Can Hollywood Go Virtual After Coronavirus?

7 min readJan 13, 2021


The industry needs a solution offering broadcast-quality features while enabling consumer-grade workflows.

Millicast’s main base of operations is in north Los Angeles, just a short journey from Hollywood. Millicast has been working with a number of different Hollywood studios, including NBC Universal, CBS Viacom, HBO, Disney and others to enable an amazing transformation in the way that movies and TV shows will be produced in the future.

This transformation has had a big impact on remote editing and production teams dealing with the travel and in-person restrictions from the pandemic.


CNBC produced a video which explains the journey the industry has had to embrace to transition to a truly digital movie making workflow:

CNBC: Can Hollywood Go Virtual After Coronavirus?

This documentary tracks the journey from Jurassic Park to Avatar, the remake of the Lion King, and The Mandalorian where movie production has evolved into movie sets with virtual characters and virtual sets:

The fusion of computer games and movie making is all but complete. All stages from pre-production, pre-visualization, storyboarding, to production and post-production are now driven by virtual visualization.
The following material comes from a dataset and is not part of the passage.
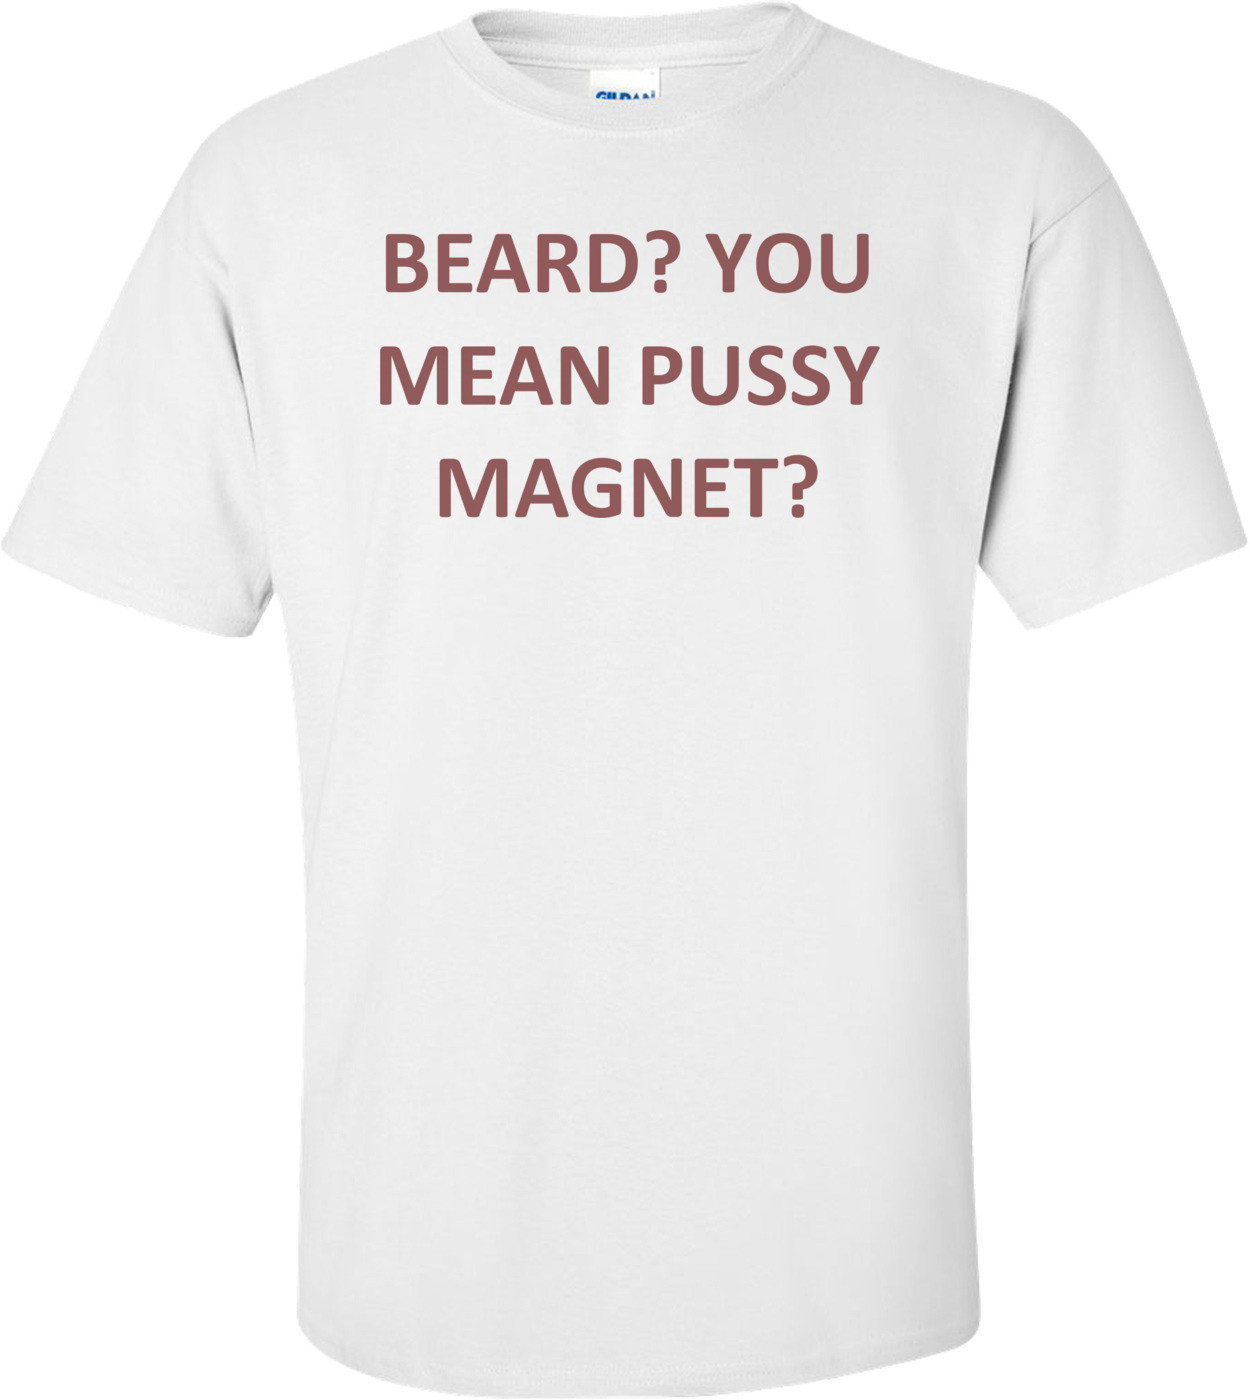 Pussy Magnet T Shirt 104

This has been driven by the adoption of computer game technology from Unreal Engine, and created an intersection between video conferencing, collaboration tools, production and streaming:

Creativity has moved to post production in a digital world where anything can be manipulated. Teams of creative artists, and editors are connected by high capacity networks to large servers and ultra high definition monitors and software. Co-located and working in real time, a movie is no longer “cut” from daily rushes but created in real time as the movie is shot on a digital set.
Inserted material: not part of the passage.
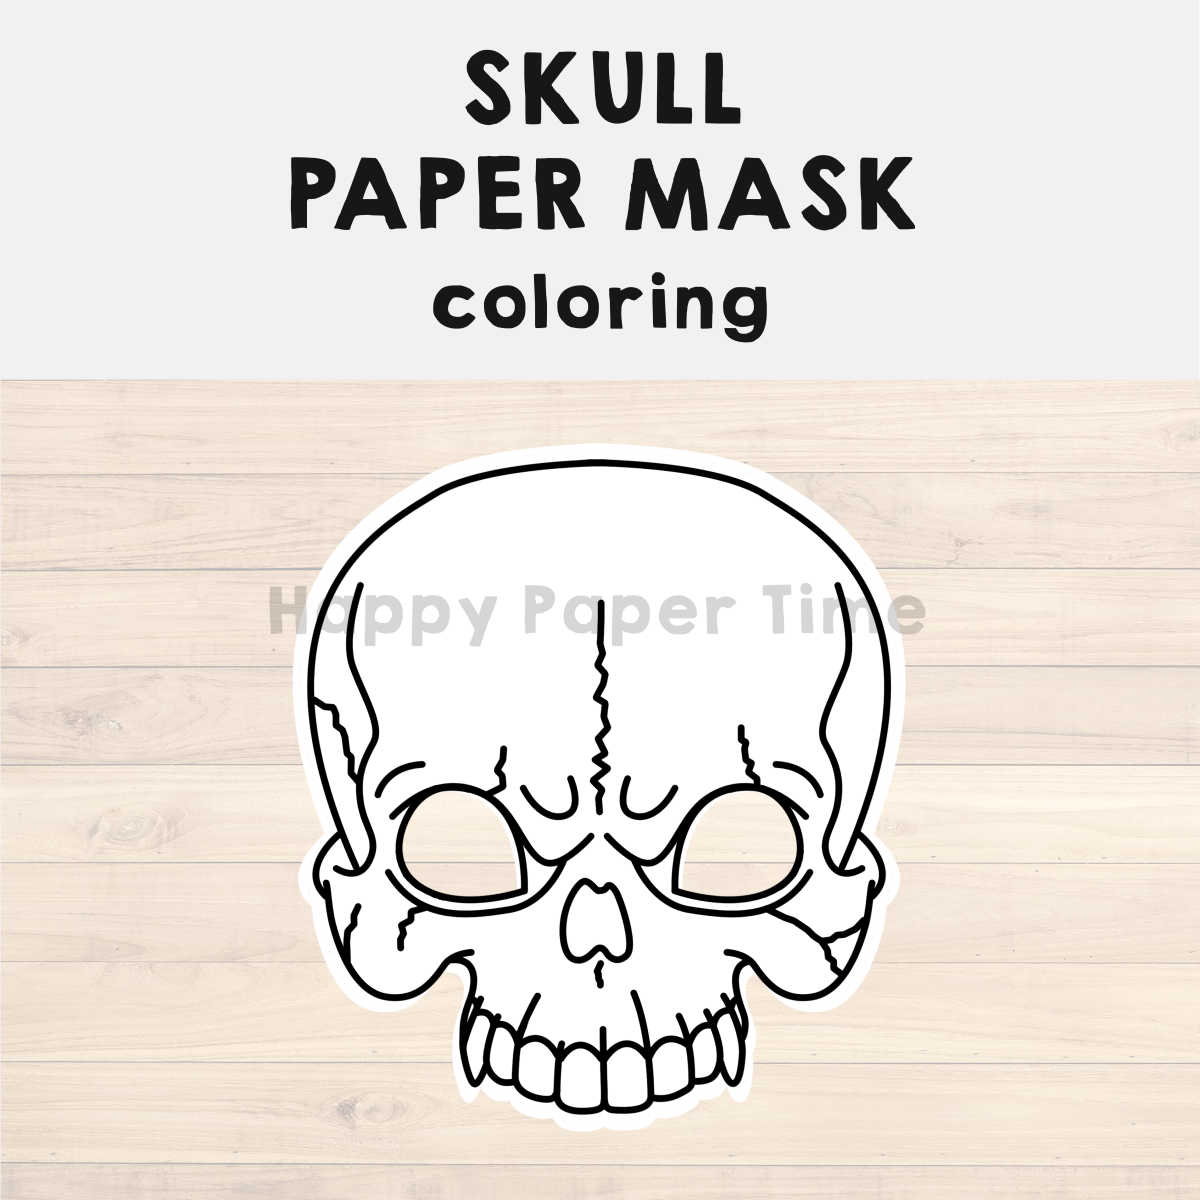 Skull paper mask printable halloween coloring costume craft activity made by teachers

And here lies the problem.

Hollywood has all but been brought to a standstill by the Coronavirus Pandemic, forcing the editing and production teams to work from home.

But working from home demands that you link up to your local ISP, suffer the vagaries of domestic Internet connections and work on your consumer grade computer (however high the spec, it’s not your studio kit).

When the film production process demands that you are in a digitally connected team — all working in real time — you are suddenly confronted with problems.

Let’s consider what was going on in the studio before the lock down. You were fully digital — connected in real time to your co-workers during:

  • Pre-visualisation: you were testing visual scenarios, and location alternatives
  • Pre-production: you were testing possible virtual scene variations — colour, positioning, camera angles, and illumination, before shooting the scene.
  • Production: you were shooting and digitally mixing real and virtual components on virtual sets
  • Post-production: the most demanding stage of production in terms of visual quality, the finished movie is being created, adding special effects and editing for colour, sound, and impact — with large editing teams working together, in real time, to create the final scenes.

It is in post-production that the “heavy lifting” takes place — creating the finished movie in real time. And here the term “real-time” used to refer to real-time renderings, i.e. the capacity to compute the final scene with all effects applied, with the level of quality and the resolution the studios expect for validation and release.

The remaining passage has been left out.